2. a kind of mixed flow impeller with suction surface back vane as claimed in claim 1, it is characterized in that: described suction surface back vane is uniformly distributed along the circumference, its number is identical with impeller blade number, and the axial plane shape of suction surface back vane is identical with back shroud of impeller streamline.
3. a kind of mixed flow impeller with suction surface back vane as claimed in claim 1, is characterized in that: described suction surface back vane outlet and impeller outlet flush, and thickness is even, and suitable with blade average thickness.

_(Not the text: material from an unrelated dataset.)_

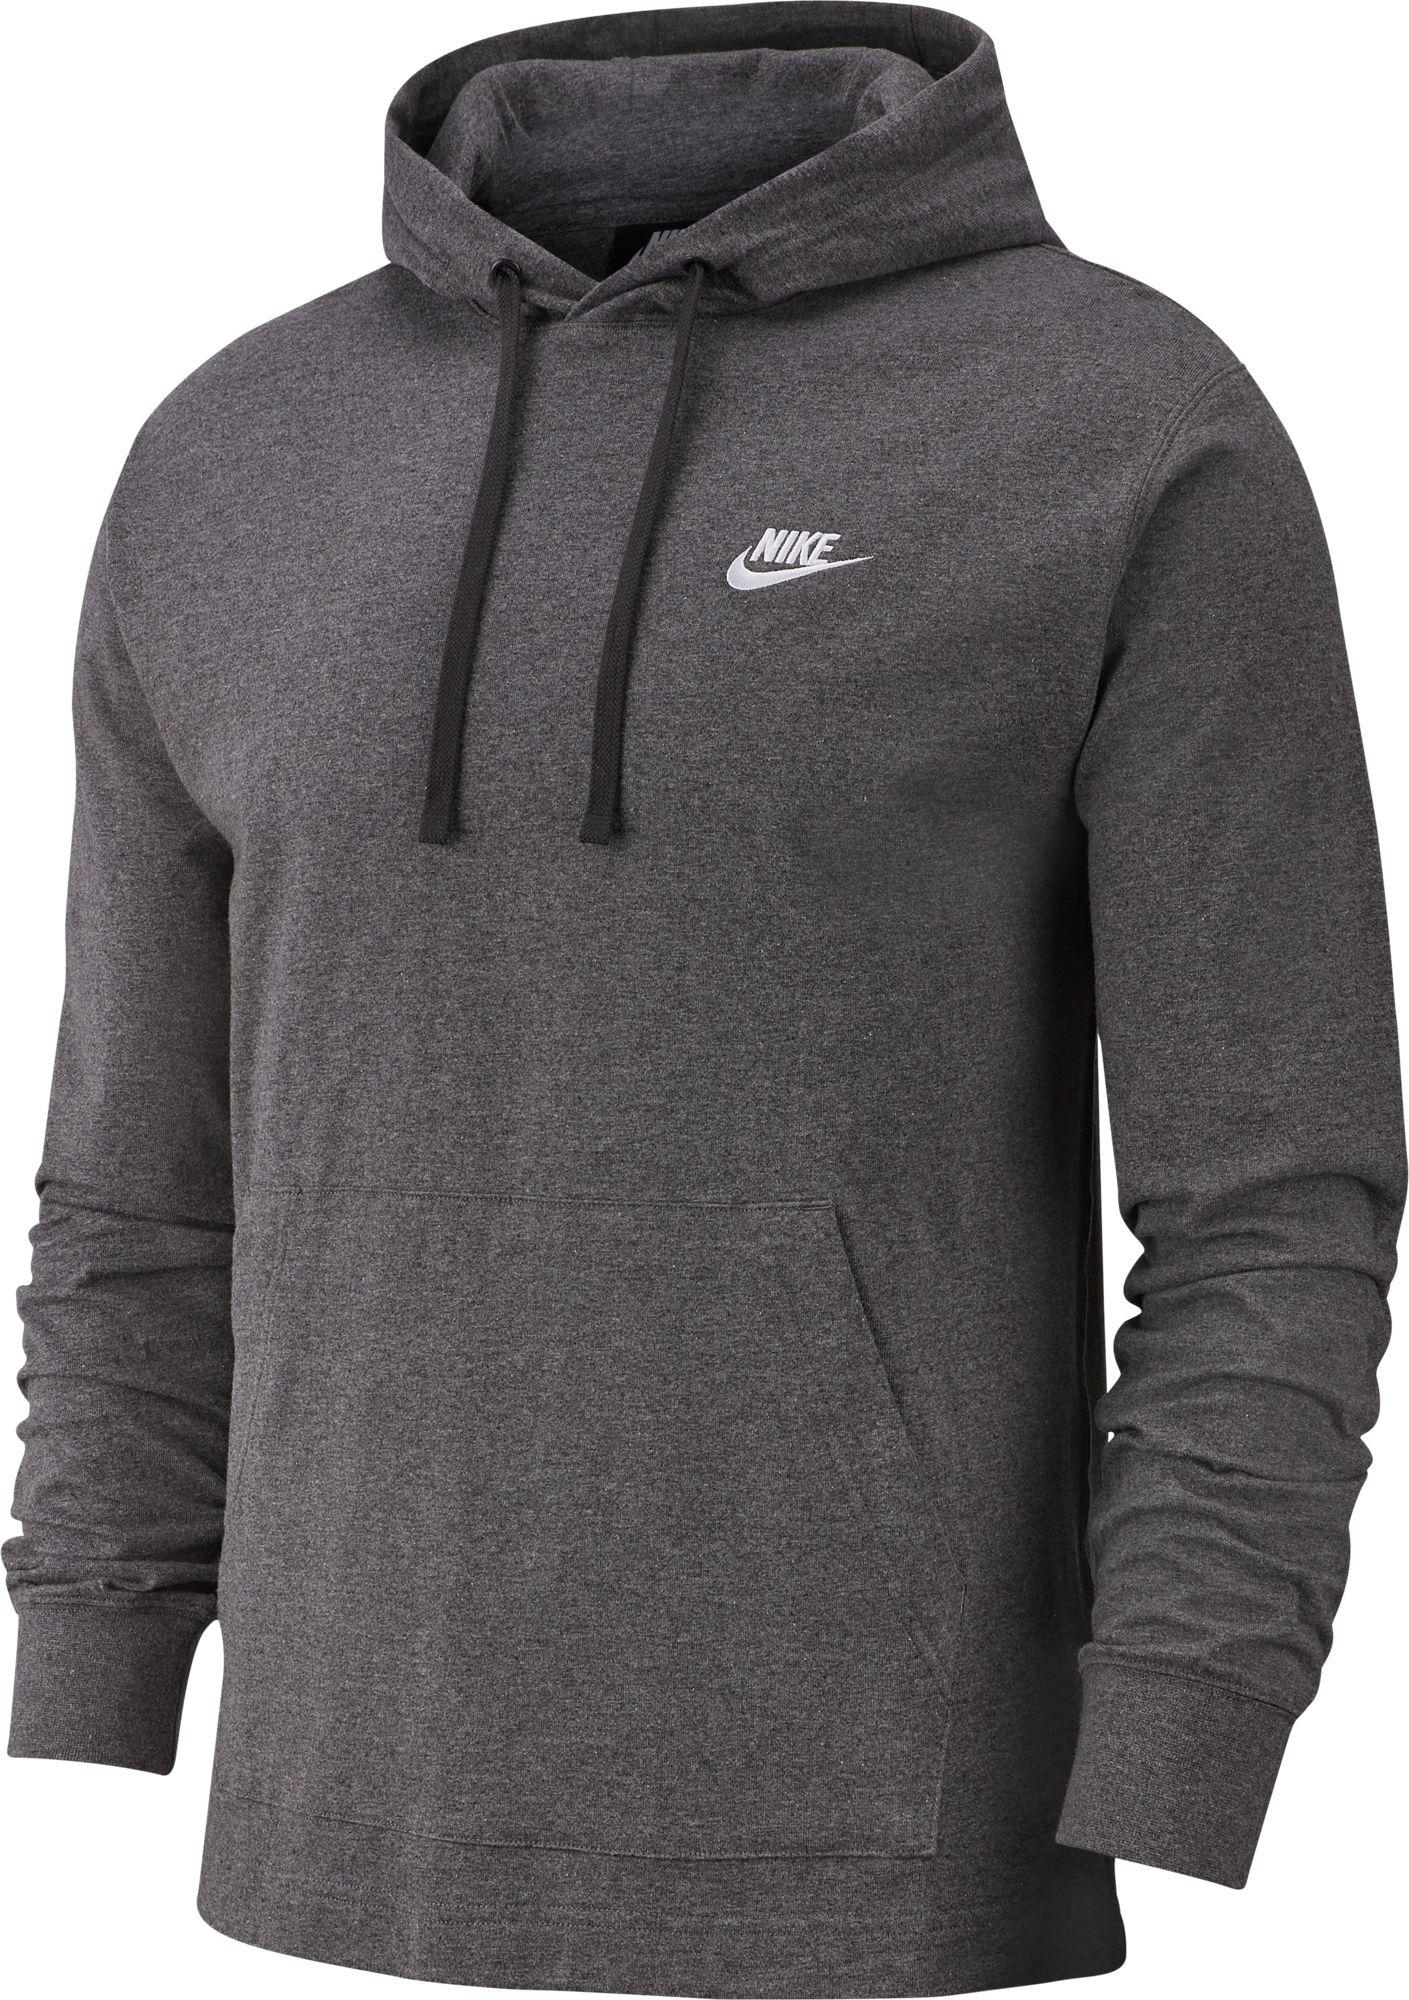 Nike Cotton Sportswear Club Jersey Pullover Hoodie in Gray for Men - Lyst

4. a kind of mixed flow impeller with suction surface back vane as claimed in claim 1, it is characterized in that: described suction surface back vane is away from front shroud of impeller, more near back shroud of impeller, its Exit-edge is 1/4 ~ 1/2 of impeller outlet width apart from the distance of back shroud of impeller.
5. a kind of mixed flow impeller with suction surface back vane as claimed in claim 1, it is characterized in that: the circumferential length a of described suction surface back vane Exit-edge is 1/4 ~ 3/4 of arc length between adjacent blades, the ratio that its inlet side circumferential length b accounts for inlet side place runner circumferential length is identical with Exit-edge, and its radial length c is 1/4 ~ 3/4 of blade radial length d.
Priority Applications (1)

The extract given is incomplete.